Tokenizers
Tokenizers split text into individual tokens for indexing and searching.
Available Tokenizers
Tokenizer
Abstract base class for implementing custom tokenizers.
StandardTokenizer
Word-based tokenization that splits on hyphens, spaces, commas, and periods.
Best for: English and Western languages, general text tokenization, word-based search
IntlSegmenterTokenizer
Locale-aware word segmentation using JavaScript Intl.Segmenter API.
Best for: Multilingual text, languages without spaces (Chinese, Japanese, Thai), locale-specific word boundaries
KeywordTokenizer
Returns the entire input as a single token.
Best for: Exact string matching, IDs and identifiers, categories and tags
LetterTokenizer
Splits on non-letter characters using Unicode letter property.
Best for: Extracting letter sequences, international text, when numbers/punctuation should be removed
LowerCaseTokenizer
Splits on non-letter characters and lowercases each token.
Best for: Case-insensitive search, letter-only tokenization, simple text analysis
WhitespaceTokenizer
Splits text on whitespace characters.
Best for: Preserving punctuation, pre-tokenized input, space-delimited data
NGramTokenizer
Generates character n-grams for partial matching.
Best for: Partial/substring matching, autocomplete suggestions, fuzzy matching, search-as-you-type
PathHierarchyTokenizer
Splits paths into hierarchical components.
Best for: File system paths, URL paths, package names, hierarchical identifiers
PatternTokenizer
Flexible regex-based tokenization with split or capture modes.
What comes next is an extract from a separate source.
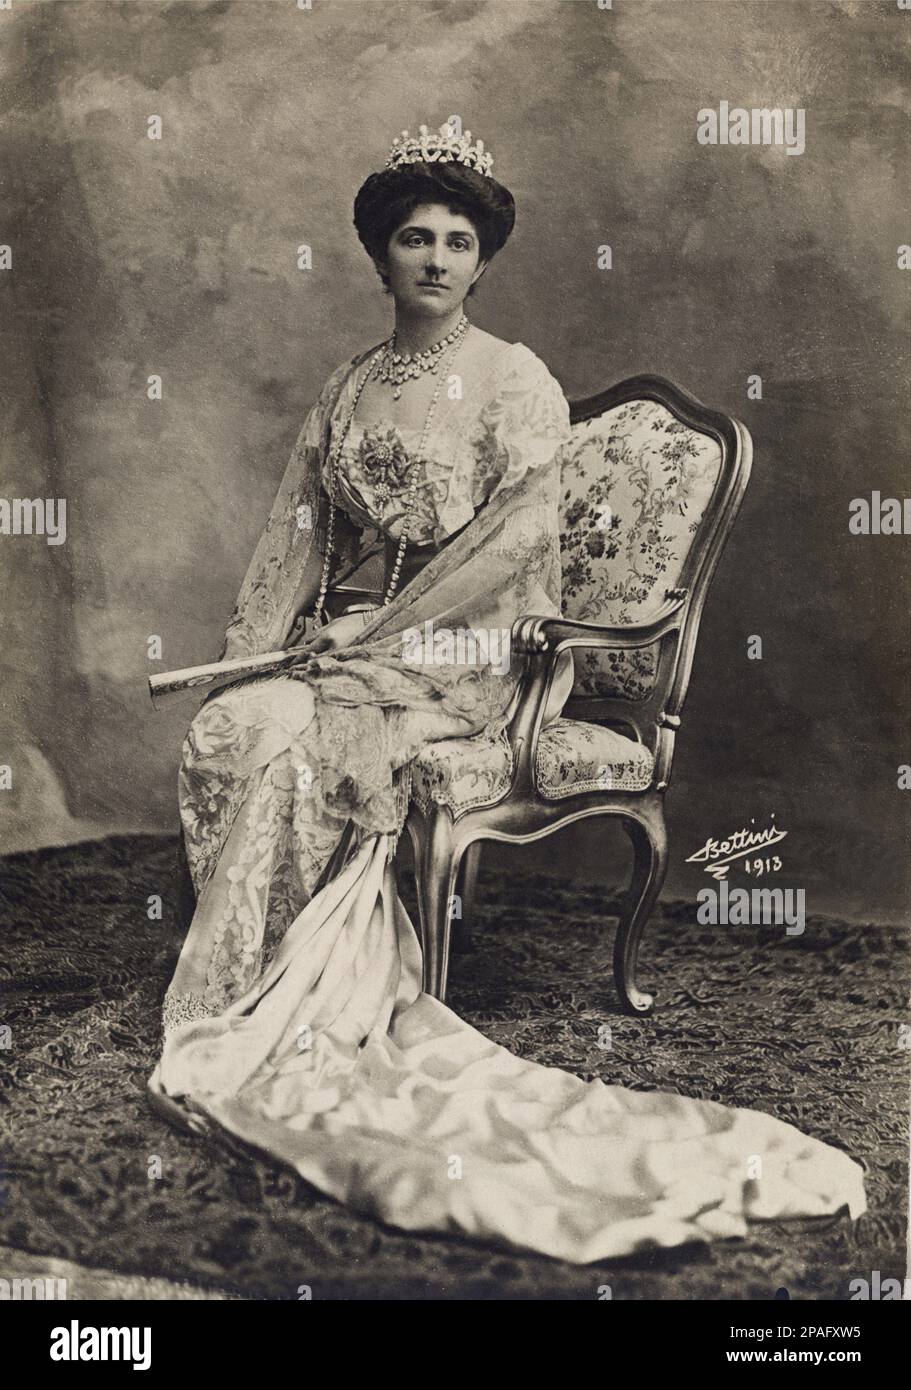 1913 , Roma, Italien : die Königin von Italien ELENA ( Helene von Montenegro , 1873 - 1952 ) im offiziellen Porträt des Fotografen Bettini , Roma . - CASA SAVOIA - ITALIA - REALI - Nobiltà ITALIANA - ADEL - ADEL - GESCHICHTE - FOTO STORICHE - gioiello - gioielli - Juwelen - Schmuck - collana di diamanti - Diamante - Diamantenhalskette - Diamant - Corona - Diadema - Krone - Tiara - Scollatura - Nekkopening - Halslinie - Decollete' - Diamante - diamant - pizzo - Spitze - spilla - Pin - BELLE EPOQUE - Handschuhe - Guanto - Guanti - Chignon ---- ARCHIVIO GBB Stockfoto

Best for: Custom tokenization patterns, complex text parsing, domain-specific formats
SimplePatternTokenizer
Captures text matching a pattern as tokens.
Best for: Extracting specific patterns, number extraction, simple pattern matching
SimplePatternSplitTokenizer
Splits input at pattern matches.
Best for: Custom delimiters, CSV-like data, simple splitting logic
URLEmailTokenizer
Preserves URLs and email addresses as complete tokens.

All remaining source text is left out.